Conforme amplamente noticiado, dois manifestantes que alegadamente depredavam uma viatura da Polícia Civil em protestos em São Paulo foram presos em flagrante pelo crime de sabotagem de meio de transporte, previsto na Lei de Segurança Nacional (LSN)Acabaram sendo soltos, por determinação judicial, mas isso não evitou a discussão sobre a adequação do emprego da LSN.

Junto-me ao coro dos juristas: o Código Penal teria sido uma escolha mais adequada ao caso. Os protestos, por mais irrazoavelmente danosos que tenham sido, não lesaram nem expuseram a perigo de lesão nenhum dos bens jurídicos que a LSN se propõe a proteger: nem “a integridade territorial e a soberania nacional”, nem “o regime representativo e democrático, a Federação e o Estado de Direito”, nem “a pessoa dos chefes dos Poderes da União”.

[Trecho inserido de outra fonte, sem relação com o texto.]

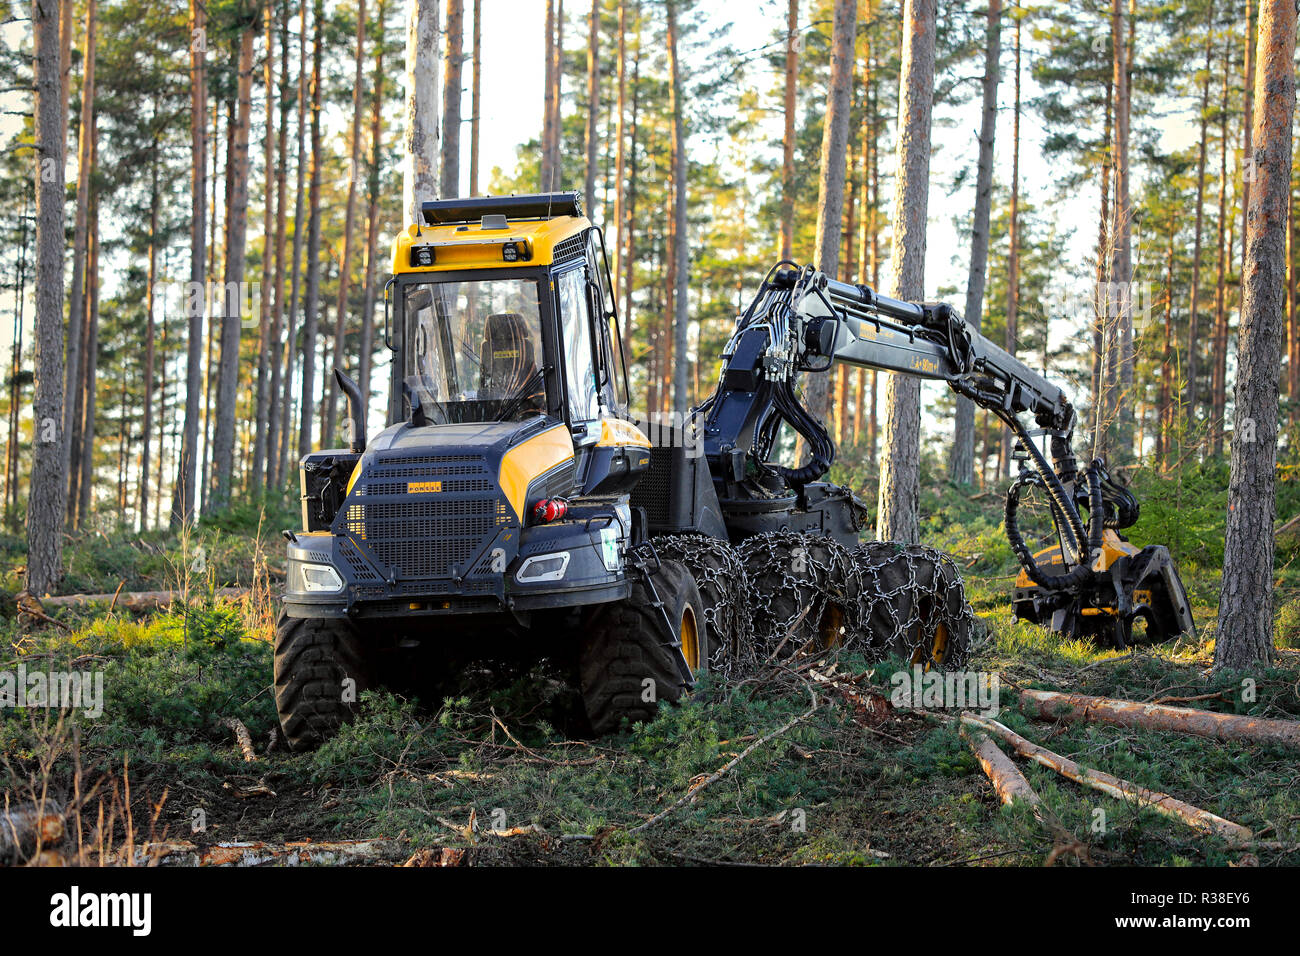 Salo, Finlande - le 18 novembre 2018 : site en forêt de pin finlandais pour un jour de l'automne avec forêt Ponsse Ergo harvester. Très légèrement HDR appliquée. Banque D'Images

Mais que isso, entendo que a discussão deve ser ampliada: nos atuais tempos de democracia, ainda cabe usar uma LSN criada em (e para) tempos de ditadura?

Concordo com Gustavo Romano, que assim escreveu para a Folha:

A atual LSN surgiu em 1983, na última ditadura, e é uma variação de outras leis do governo Vargas e reinventadas nos anos 1960 e 70. Todas tiveram o objetivo de suprimir movimentos que ameaçassem o ditador de plantão. E é essa sua linhagem histórica que nos obriga a ponderar se o uso de uma lei criada para proteger ditaduras é a melhor solução na preservação da democracia.

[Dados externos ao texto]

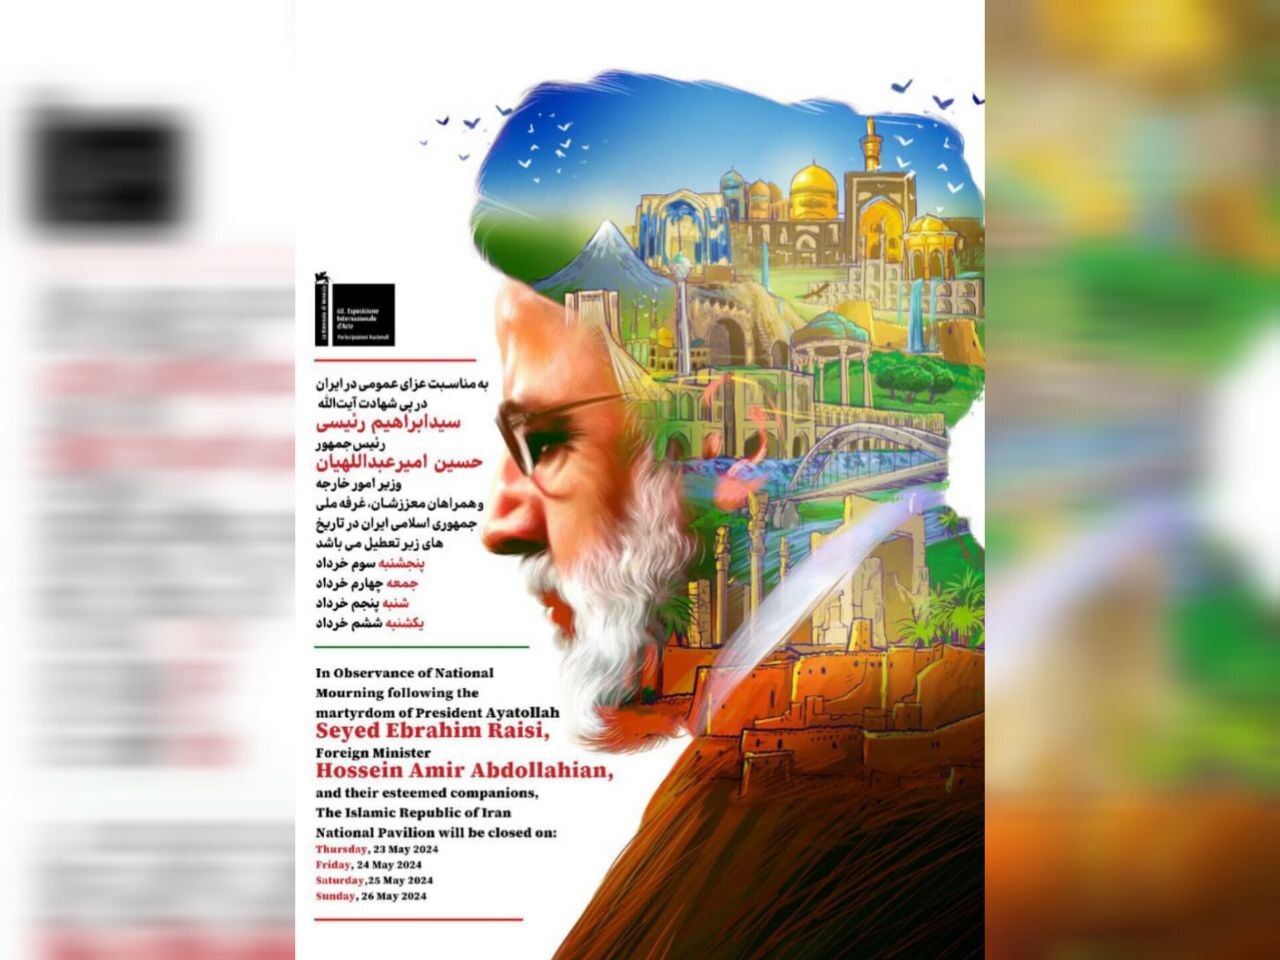 بازگشایی پاویون رسمی ایران در دوسالانه هنر ونیز 2024 پس از چهار روز تعطیلی به احترام شهدای خدمت

Vou além de concordar que precisamos ponderar: estou convicto de que não, uma lei criada para proteger ditaduras não é a melhor solução na preservação da democracia. Ainda que a LSN fosse aplicável ao caso dos protestos, seu peso simbólico negativo desautoriza sua aplicação, que é incompatível com a Constituição Federal de 1988 e o regime democrático.

Antes de seguir o argumento, devo comentar a parte final do texto de Romano:

Essa incerteza sobre que lei aplicar evidencia a falta de instrumentos jurídicos. Leis que seriam aplicáveis parecem brandas, e as que proveem mais rigor não foram elaboradas para lidarem com situações como a dos protestos.

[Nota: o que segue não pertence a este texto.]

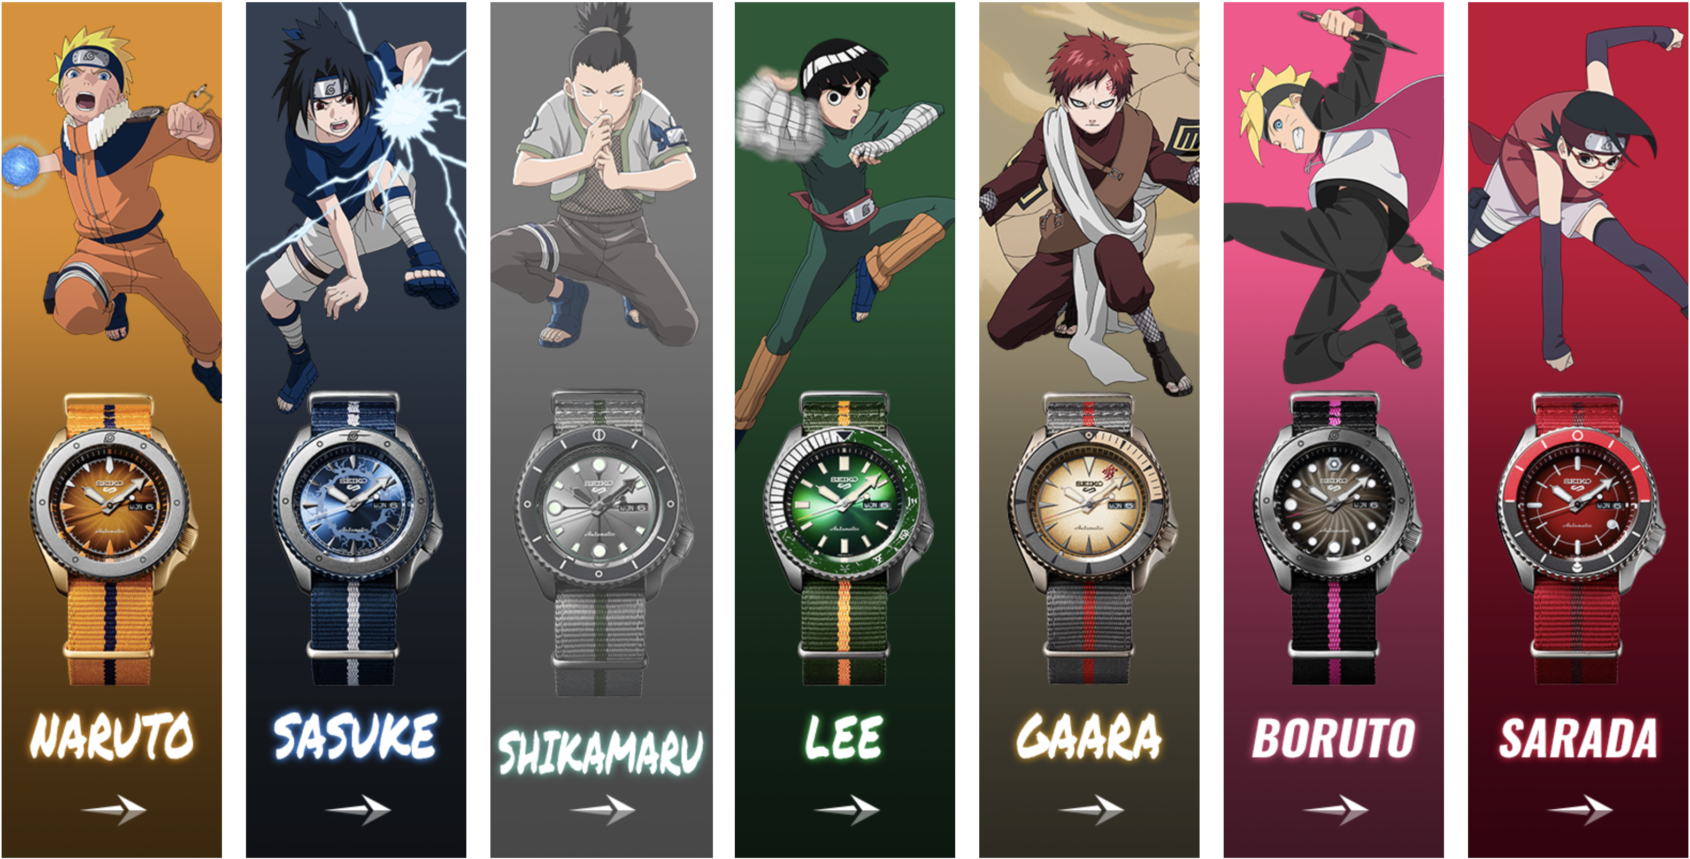 Koleksi Jam Tangan Seiko 5 Sports yang Terinspirasi dari Anime Naruto dan Boruto Edisi Terbatas

Discordo. Primeiro, não há falta de instrumentos jurídicos: o Código Penal existe e é adequado (contrariamente ao caso da LSN, que não deveria existir e é inadequada). Segundo, o que a incerteza sobre qual lei aplicar ao caso dos protestos evidenciou foi que, mesmo depois de quase trinta anos, o Brasil ainda é um experimento incipiente de democracia. Infelizmente, ainda há muitos nostálgicos pela ditadura e seus métodos, o que se reflete na forma como pensam e agem.

Um exemplo: em 2005, o então Presidente da República, mesmo depois de ter lutado contra a ditadura por muitos anos, determinou o cancelamento do visto de um jornalista estrangeiro e ordenou sua expulsão do território brasileiro em oito dias. O motivo: o Presidente da República não gostou do que o jornalista disse. A base legal: o Estatuto do Estrangeiro, uma lei que, como a LSN, também foi sancionada durante a última ditadura. O Presidente da República voltou atrás, depois de um puxão de orelhas do Superior Tribunal de Justiça (STJ):

[N]o Estado Democrático de Direito não se pode submeter a liberdade às razões de conveniência ou oportunidade da Administração. E aos estrangeiros, como aos brasileiros, a Constituição assegura direitos e garantias fundamentais descritos no art. 5º e seus incisos, dentre eles avultando a liberdade de expressão. E dúvidas não pode haver quanto ao direito de livre manifestação do pensamento (inciso IV) e da liberdade de expressão da atividade de comunicação, “independentemente de censura ou licença” (inciso IX).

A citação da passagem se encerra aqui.